If you want a good change of pace, try pan frying them. I heat some butter in the pan, season with Old Bay seasoning  and give 'em a few minutes on each side. As the others said, until they turn pink  (shrimp are accommodating that way - they have sort of a built-in thermometer).


----------



## ironchef

Or braise them in Olive Oil or Butter. Not the cheapest way or healthiest way, but lots of flavor.


----------



## lutzzz

Something I was taught by my next door neighbor lady, that helps me anyway.. is the old "C" and "O" rule.

That is.. cook your shrimp/prawns whatever way you cook them (other than on a skewer on the grill of course), until they JUST form a "C".. if they curl up more, into an "O",..they will be overdone.


----------



## kadesma

texasgirl said:
			
		

> How long do you boil shrimp??


Texas, If you hate butter,garlic,pepper just ignore this one  We had this last night, 
3-lbs. raw shrimp, skins and tails left on
8-10 cloves med garlic minced 
2-3 cubes of butter 
and fresh cracked pepper coarse grind.
splash of white wine over mixed shrimp and butter
Melt butter, add minced garlic, set aside give your shrimp a good peppering,then pour butter over the shrimp and pepper again.

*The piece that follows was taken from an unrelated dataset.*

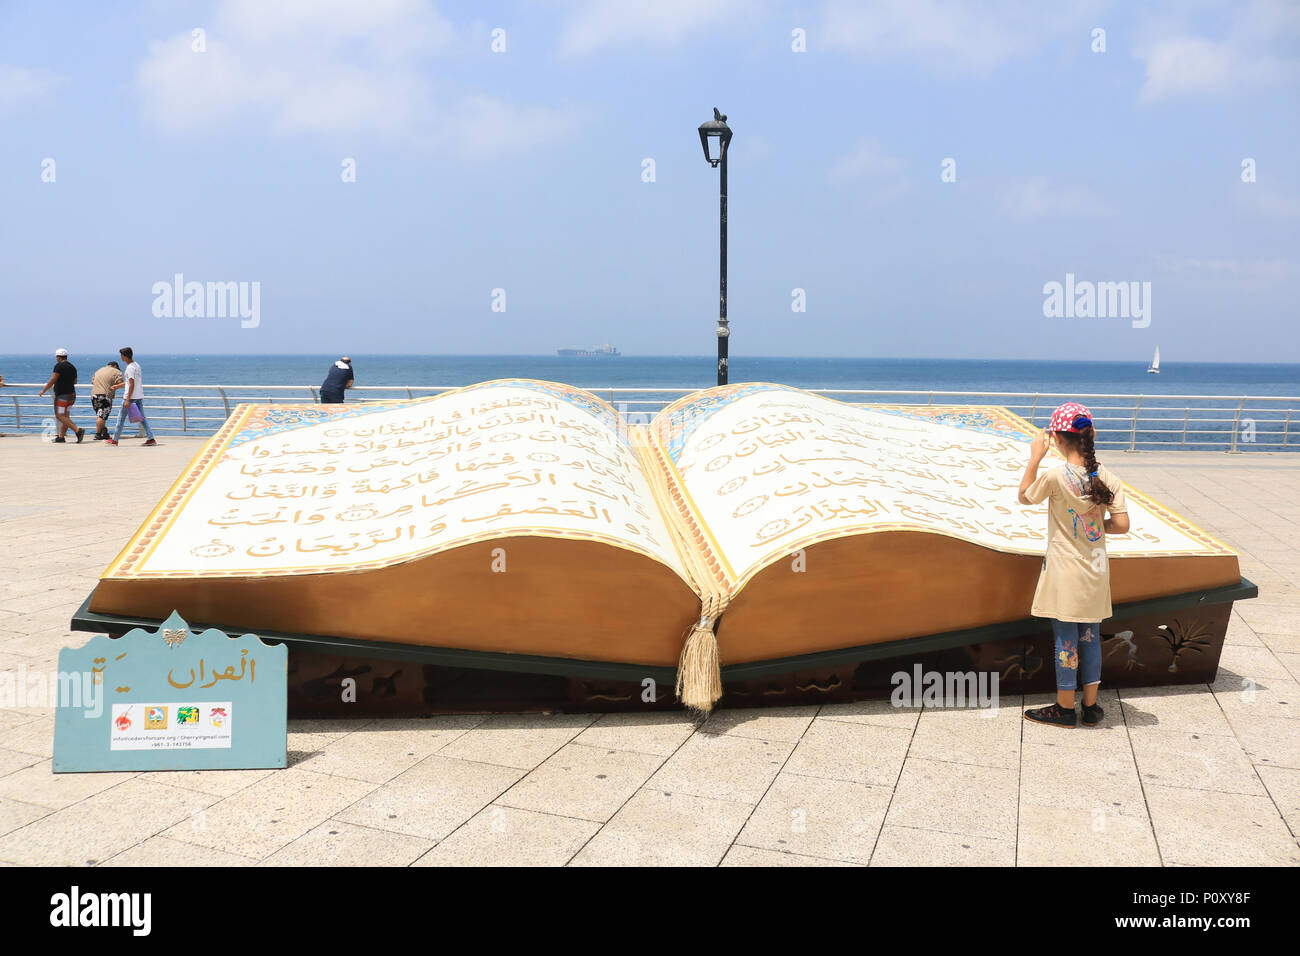 Beirut Lebanon. 1oth June. A large opened Quran book is displayed on the Beirut  seafront promenade  to celebrate the Islamic holy month of Ramadan which ends on 15th June. Ramdan traditionally falls on the ninth month of the Islamic calendar, and is observed by Muslims worldwide as a month of fasting (Sawm) to commemorate the first revelation of the Quran to the prophet Muhammad Credit: amer ghazzal/Alamy Live News Stock Photo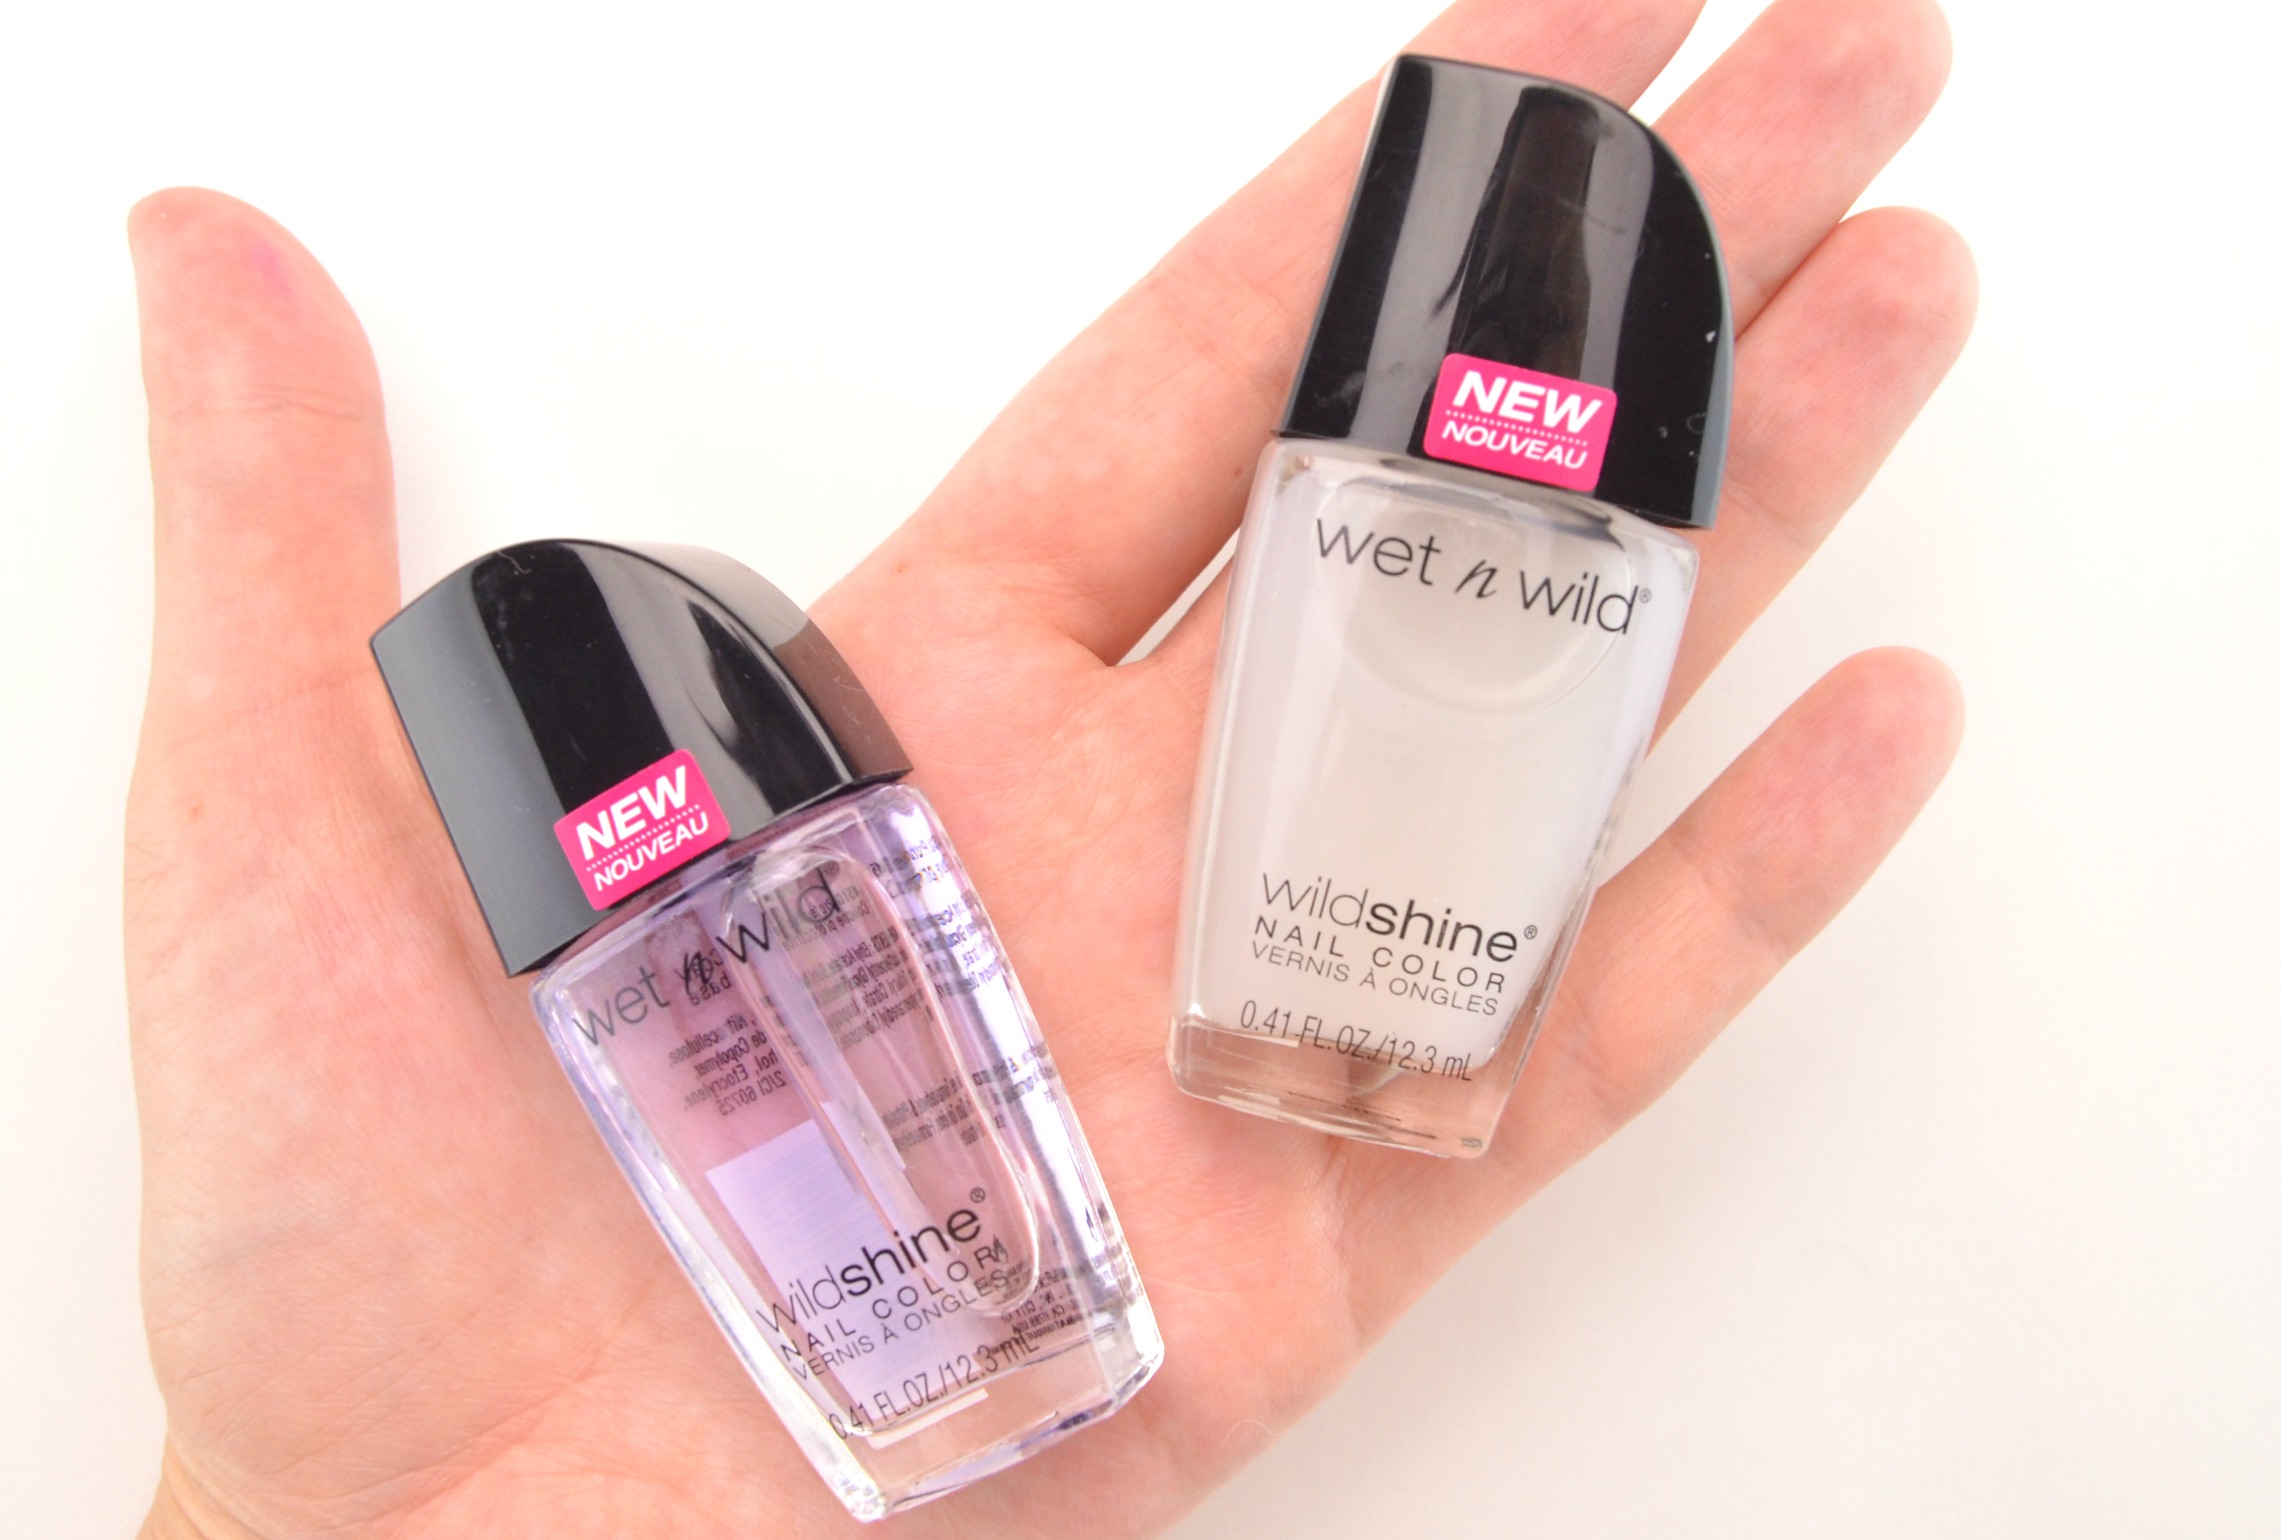 8. Wet n Wild Wild Shine Nail Color - wide 6

If you like HOT add some tabasco and then a splash of white wine over shrimp, in casserole dish, large enough so shrip are maybe 2 deep..Put into a 400 oven for 10-15 min. remove from over, slice up lots of french bread, get container that will hold some shrimp and butter, place a large towel around your neck, and dig in, first grab a shrimp, suck off the butter, peel, re-dunk in butter along with a bite of the bread... Afterward you will smell like a rose and look like a greased  but boy will your tummy love you 
All kidding aside, We adore this way to fix shrimp..An yes it will clog the old arteries, but, we usually are pretty careful but some times we go for broke on sunday 
kadesma


----------